At the Inox Eros theatre, Gajendra and Goldy are joined by Shishir Bhatnagar a maritime consultant who was injured in a swimming pool accident.
The three are happy that the theatre has no steps anywhere, that there is an accessible lift and toilet. Orders for snacks can be taken both inside the theatre and in the lobby by the theatre staff.
There is a wooden ramp inside the theatre. But Shishir points out that it is steep and they need help wheeling over it. The management promises to build a new one.
Shishir points out, “It’s very important that they take feedback from the actual wheelchair users. Often I have seen a place is made accessible by somebody who doesn’t know anything about accessibility. It’s like a loop because the cinema halls would say why should we put ramps you know people in wheelchairs anyway don’t come to see movies. But because it’s not accessible they don’t come.
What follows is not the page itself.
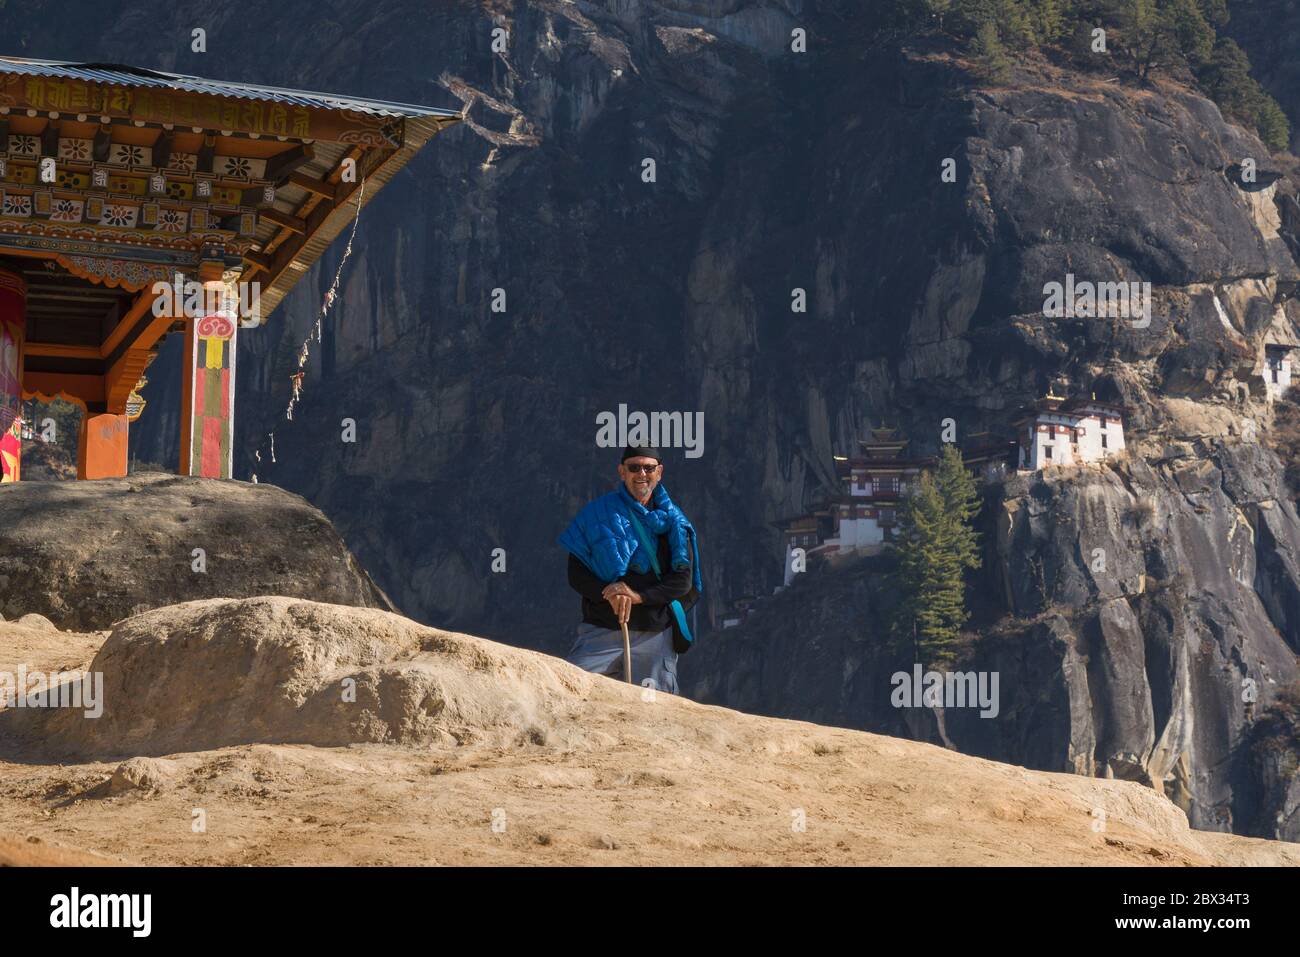 Hiker (model released) on way to Tiger’s Nest Monastery in Bhutan pauses for self-portrait. Stock Photo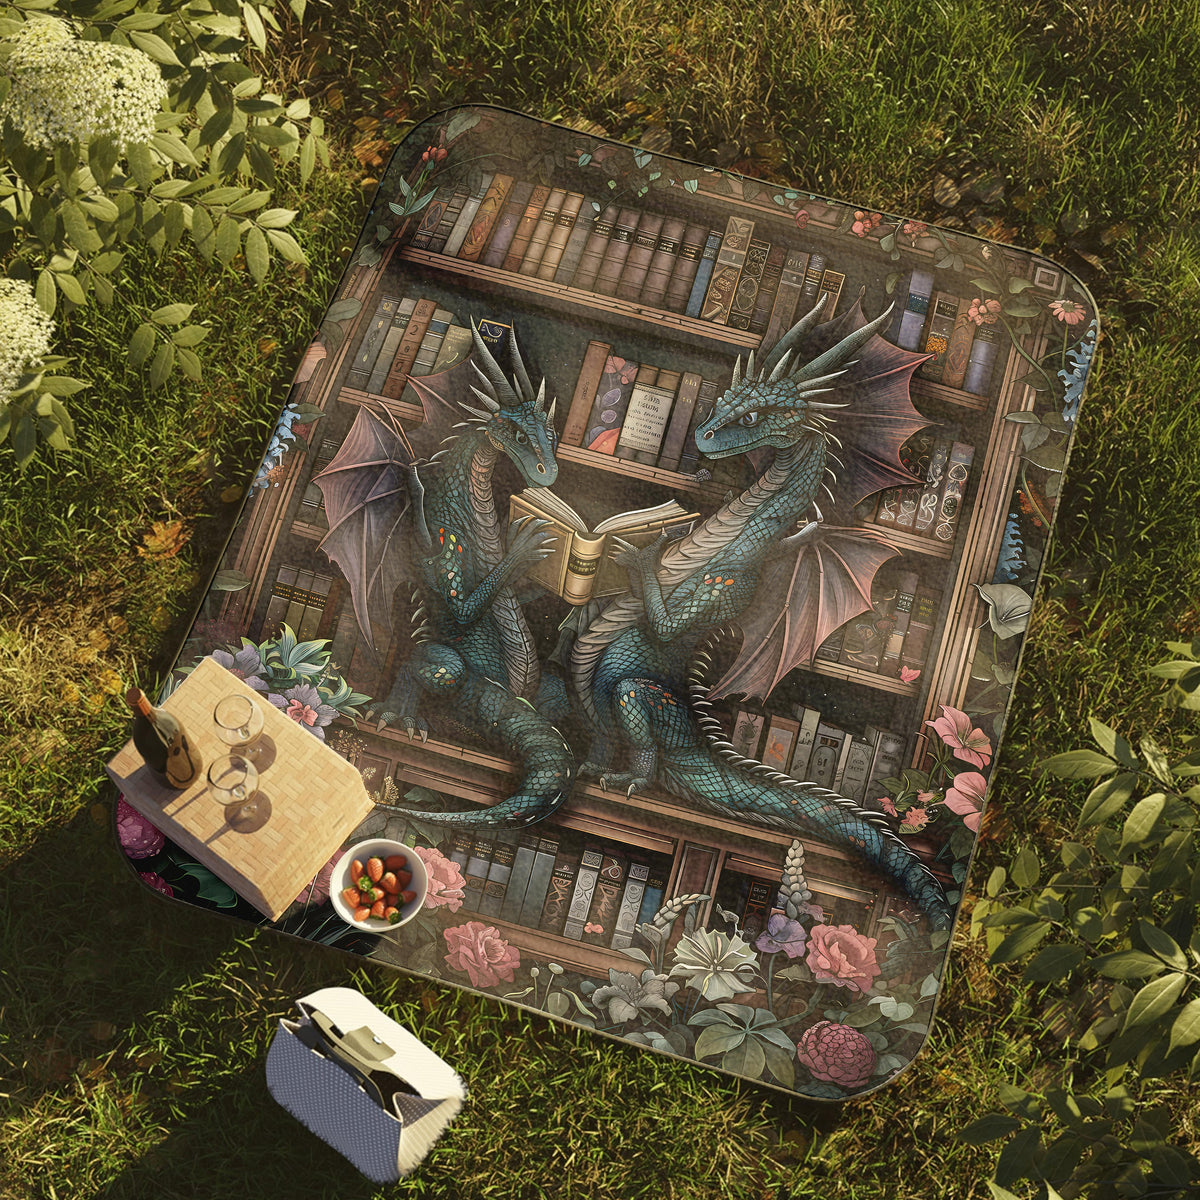 a painting of a dragon sitting on top of a book shelf

So till you put in ramps they are not going to come. It is the same with restaurants and shopping places.”
Alok Tandon, CEO, INOX Leisure Ltd, said, “I would say that all our new properties, all the properties that we have designed from as a green field project are accessible. There are a few properties which we have acquired over a period of time. There too we ensure that at least one or two auditoriums are wheelchair friendly.”
While accessibility is the rising travel trend, finding critical information regarding accessible travel is tough. To meet this need, Mumbai entrepreneur Yeshwant Holkar has launched the country’s first online travel platform for people with disabilities. Umoja.in is like a search engine for people to find hotels that can meet their accessibility needs.
Yeshwant Holkar, CEO and Founder of UMOJA, says, “I realized that there are so many people actually that need this. There are 1.1 billion people in the world with disabilities so why not try and leverage technology to provide this kind of information for people who need it so that they can really travel with confidence.”
Mr Holkar believes that while a number of hotels may not yet be universally accessible, they have put in the work to become accessible to certain categories. The guest wins, the hotel wins.
“We are actually opening up to any hotel in India that would like to understand how accessible they are and for what type of disability they are accessible we are inviting them to come on the site download our app or we can send them an offline version of the assessment and we will provide them a comprehensive absolutely free report of exactly how their hotel is accessible,” he says.
Umoja.in wants to become a marketplace for accessible restaurants, taxi services, health care providers, professional caregivers, and equipment rentals. Clearly these initiatives across different sectors will unlock travel for many people. It’s a signal that accessibility’s time has come.